For more than 30 years, however, Root has been turning that strategic frown upside down for organizations around the world. Transplanting their strategic plans directly from the minds of leadership and into the hearts of the rank and file. The result is not some awkward, jargon-spewing Frankenstein’s monster, but a company unified in purpose and promise. We promise.

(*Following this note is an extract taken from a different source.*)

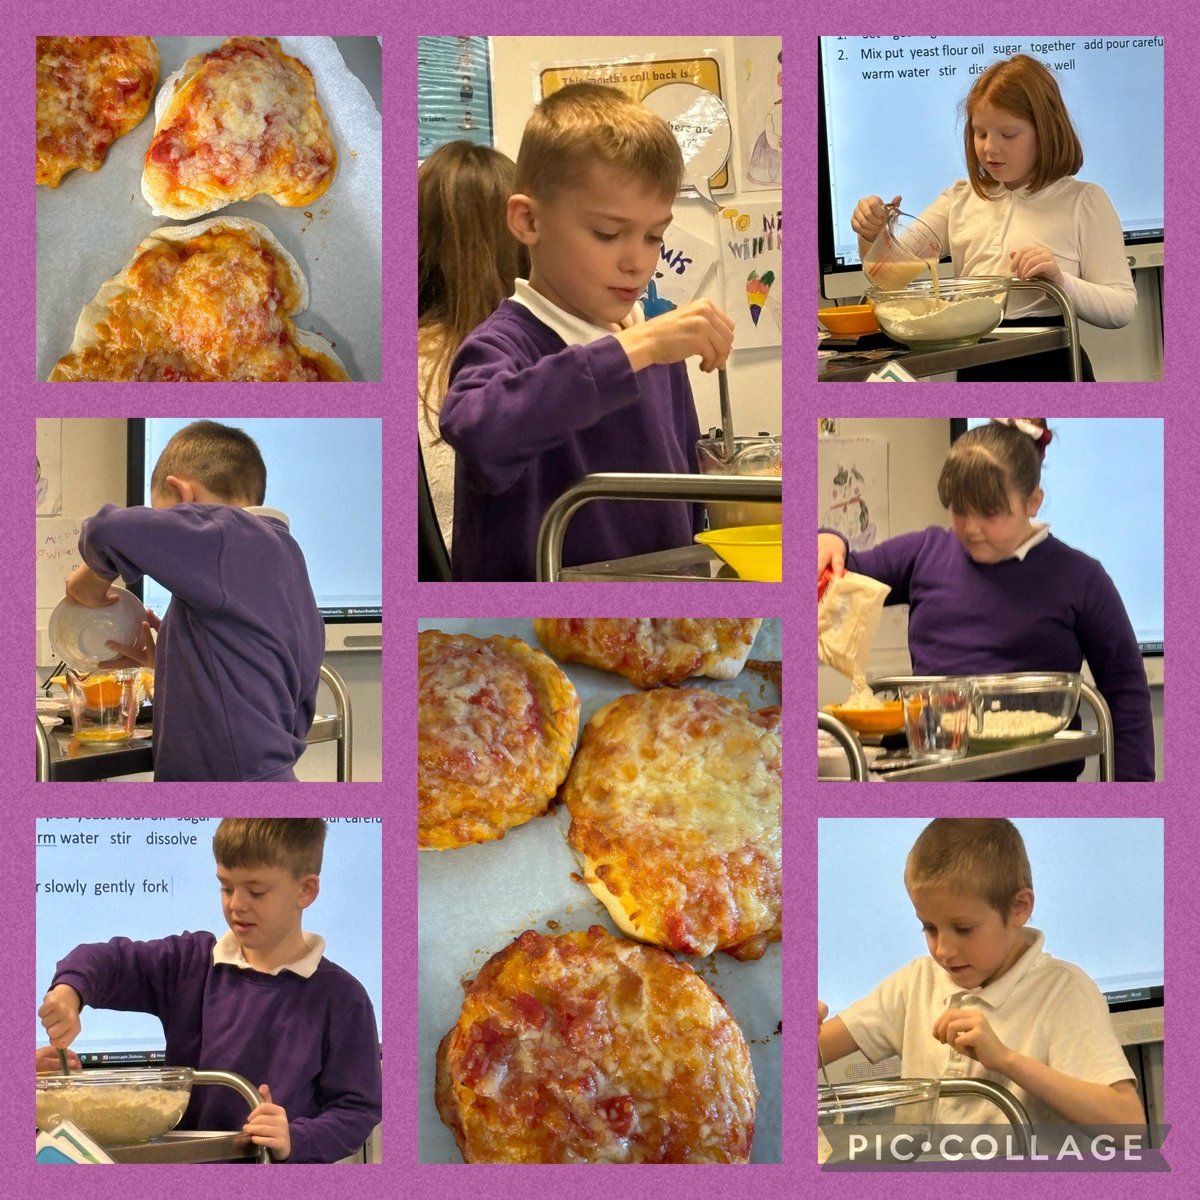 In Y3, we have been learning how to write our own instructions by looking at different recipes. Once we wrote our instructions, we've had a go at making our own pizzas! What do you think? 😋#BusyBeingBrilliant 
@WellspringAT

Of course, we’ve learned a lot ourselves over the past quarter century. Too much, in fact, to share even on this infinite web. So here are the four key challenges we’ve noticed all organizations face:

  • Leaders
    Not only are leaders rarely aligned on their new strategy, 54% of them don’t even think it will work. Even though they helped create it.
  • Managers
    Managers across the company and in every department not only feel ill-equipped to implement the change, they actually are ill-equipped.
  • Front line
    The folks on the front line have no idea how their efforts affect the overall strategy beyond whatever new task they are given. Quite possibly because they don’t even know what the strategy is.
  • Customers
    If the employee experience doesn’t support the customer experience, guess who experiences a less-than-stellar, umm, experience? The very people you want – and need – returning to your brand time and time again.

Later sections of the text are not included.